Looking almost held up by Treasurer Scott Morrison and Environment and Energy Minister Josh Frydenberg, who were at his side, the Prime Minister bought time by succumbing to his predecessor Tony Abbott's ruthlessly effective campaign to wreck and remake the Coalition's energy policy.
Whether Mr Dutton, Senator Mathias Cormann and others guarding Mr Turnbull flinch as poll numbers dive at the dysfunction will matter only so much in future polls. A leadership change will likely rearrange the spread of voter punishment across the country: less in Queensland if Mr Dutton ascends, less elsewhere if he doesn't.
There are guilty parties outside the Liberal party as federal parliament proves unable to legislate even the most bare-minimum, economically harmless national energy policy the Coalition could come up with. Labor has helped run the NEG aground by exploiting its politics as well as Mr Abbott, who is yet more shameless in his posturing and political self-interest. The policy was so paltry in its emissions cut ambition that it was unlikely to ever win Greens support, but again they have proven willing to let the perfect be the enemy of the good.
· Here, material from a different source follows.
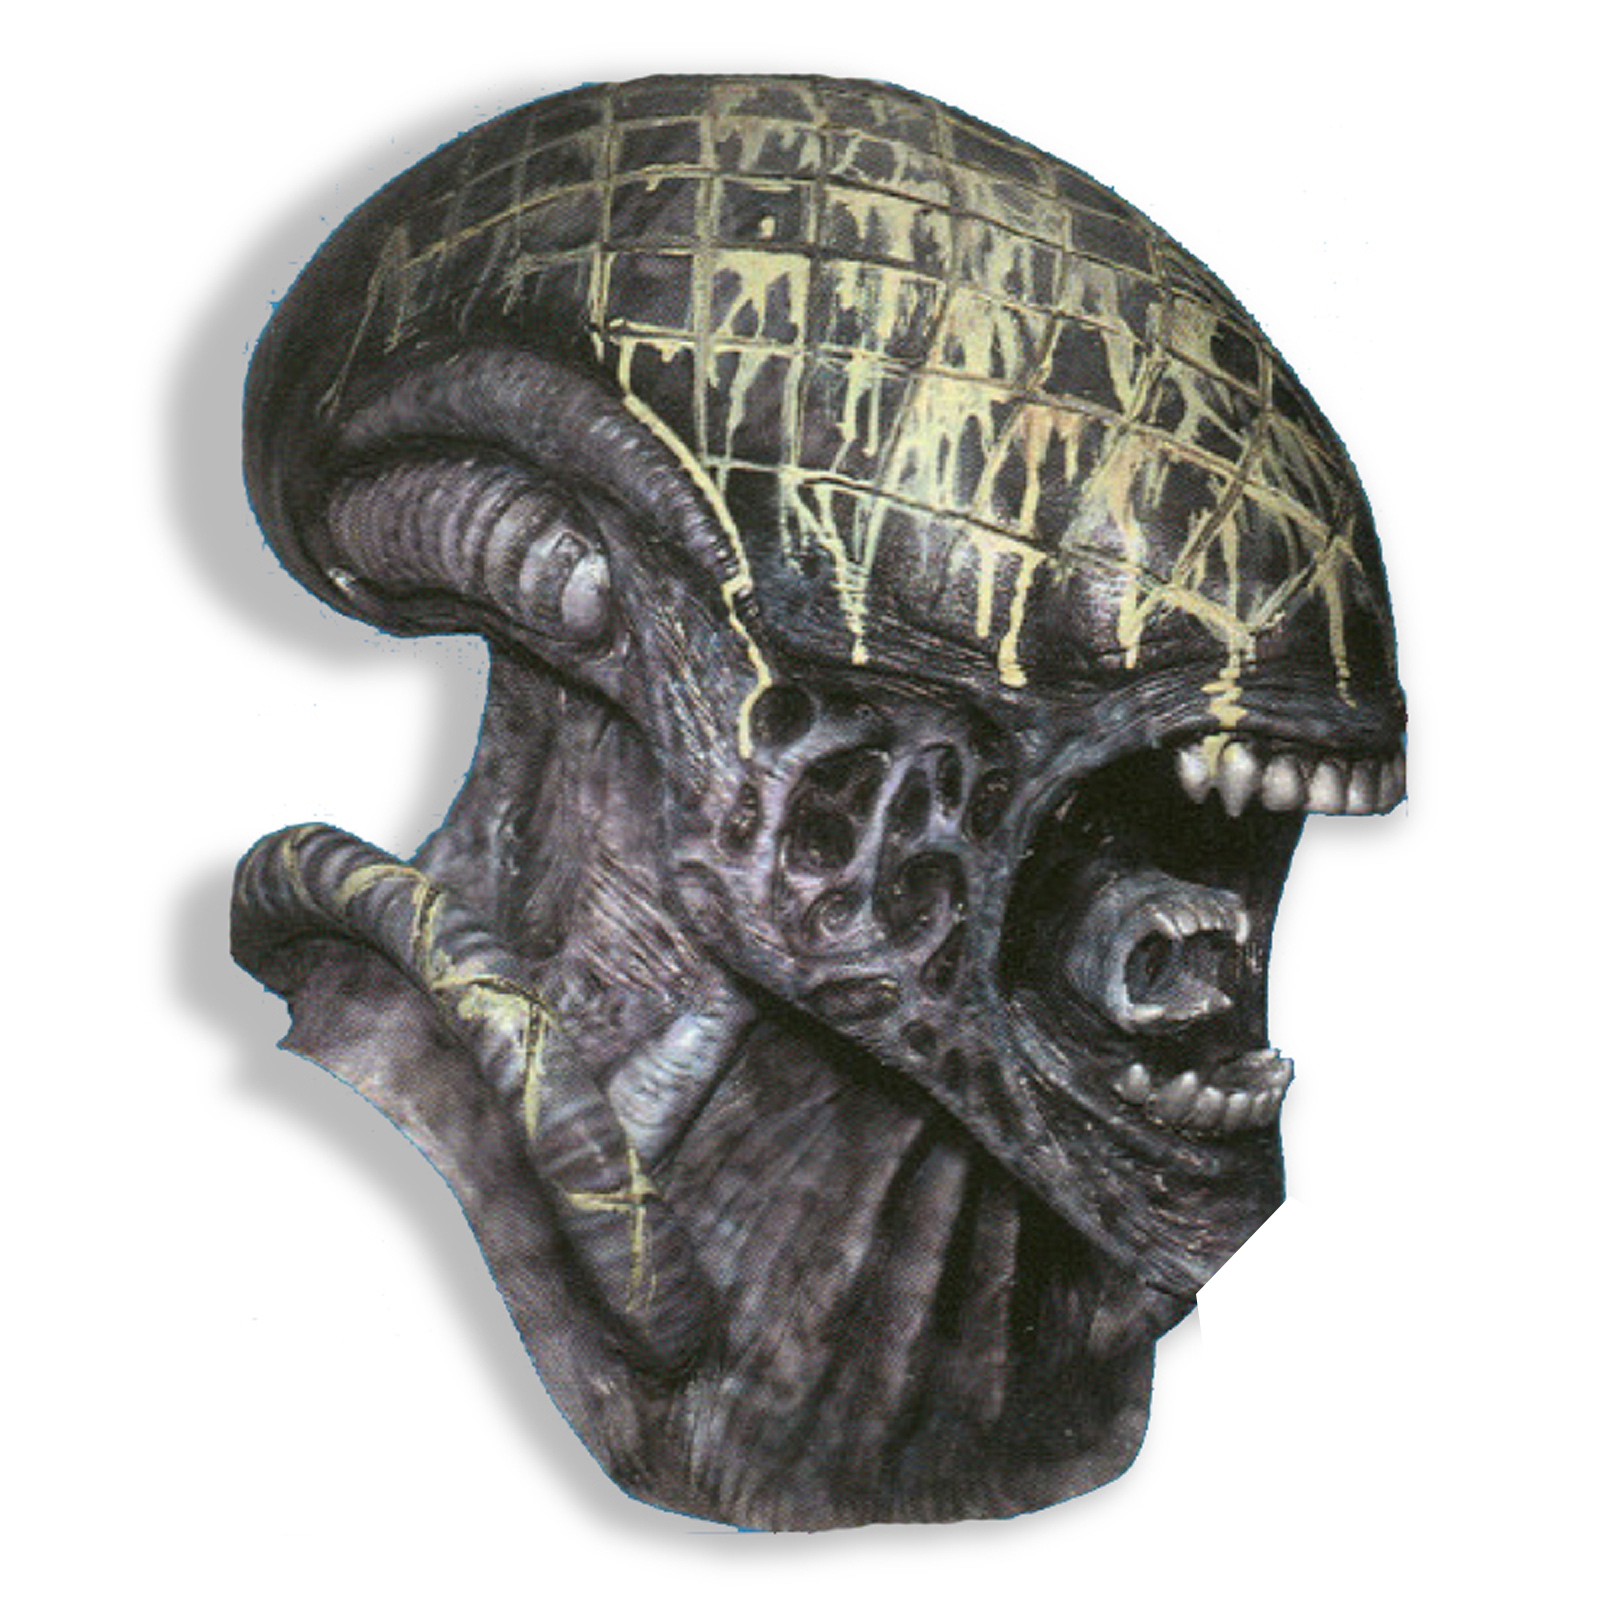 Alien Deluxe Adult Mask
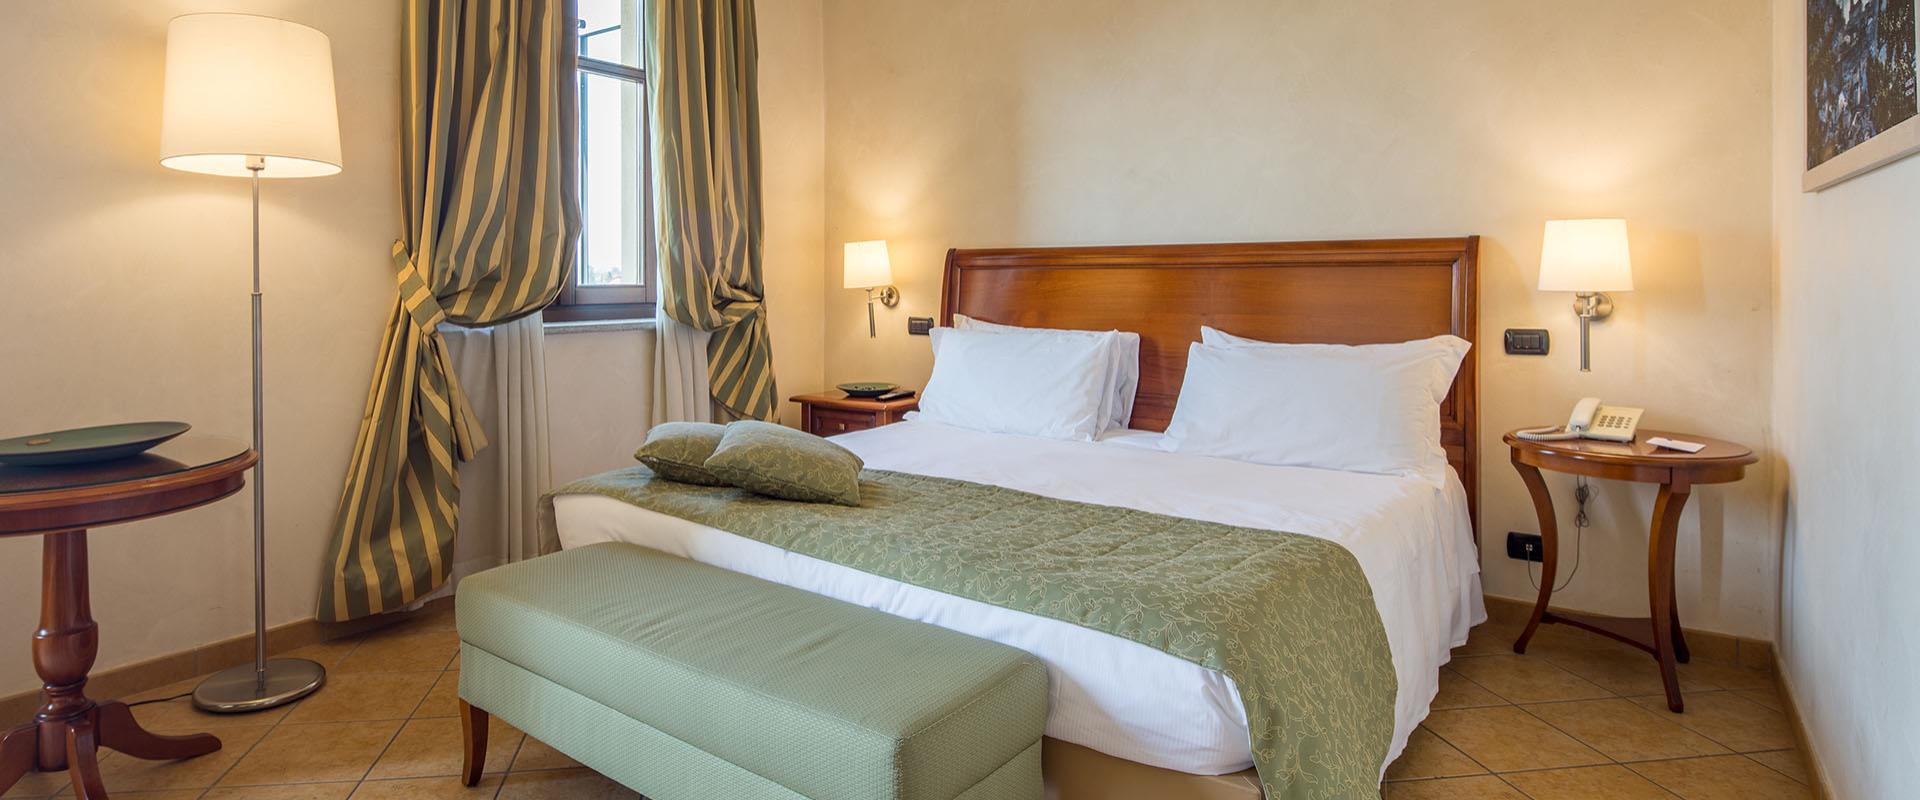 Cerchi un hotel per il tuo soggiorno vicino all aeroporto di Torino Caselle? Prenota al Best Western Plus Hotel Le Rondini

Mr Abbott is at greatest fault for letting his thirst for political vengeance and relevance shred his party's electoral standing, divide it along battelines of his own making, and leave Australia facing yet more years of energy uncertainty. As Kevin Rudd before him, his destabilising efforts may return him to political good fortune. Unlike Labor's leadership changes, the Coalition's would offer less protection against electoral annihilation.
Federal politics must move beyond the meek self-interest that has been the force of creation and destruction for governments since 2010. Politicians, if they are to regain the trust and respect of their voters, need to ignore the will-o'-the-wisp of polling and remember that the weeks leading up to a federal election are what truly focus the minds of voters.
They'll judge on a government's entire record, not the previous week's. Had Mr Turnbull stared down Mr Abbott's band of rebels on the NEG, it would have been to his credit. As it stands, the Prime Minister has forfeited his authority and legacy to his predecessor. He, and whoever leads the Coalition, will be judged accordingly, whenever voters have their final say.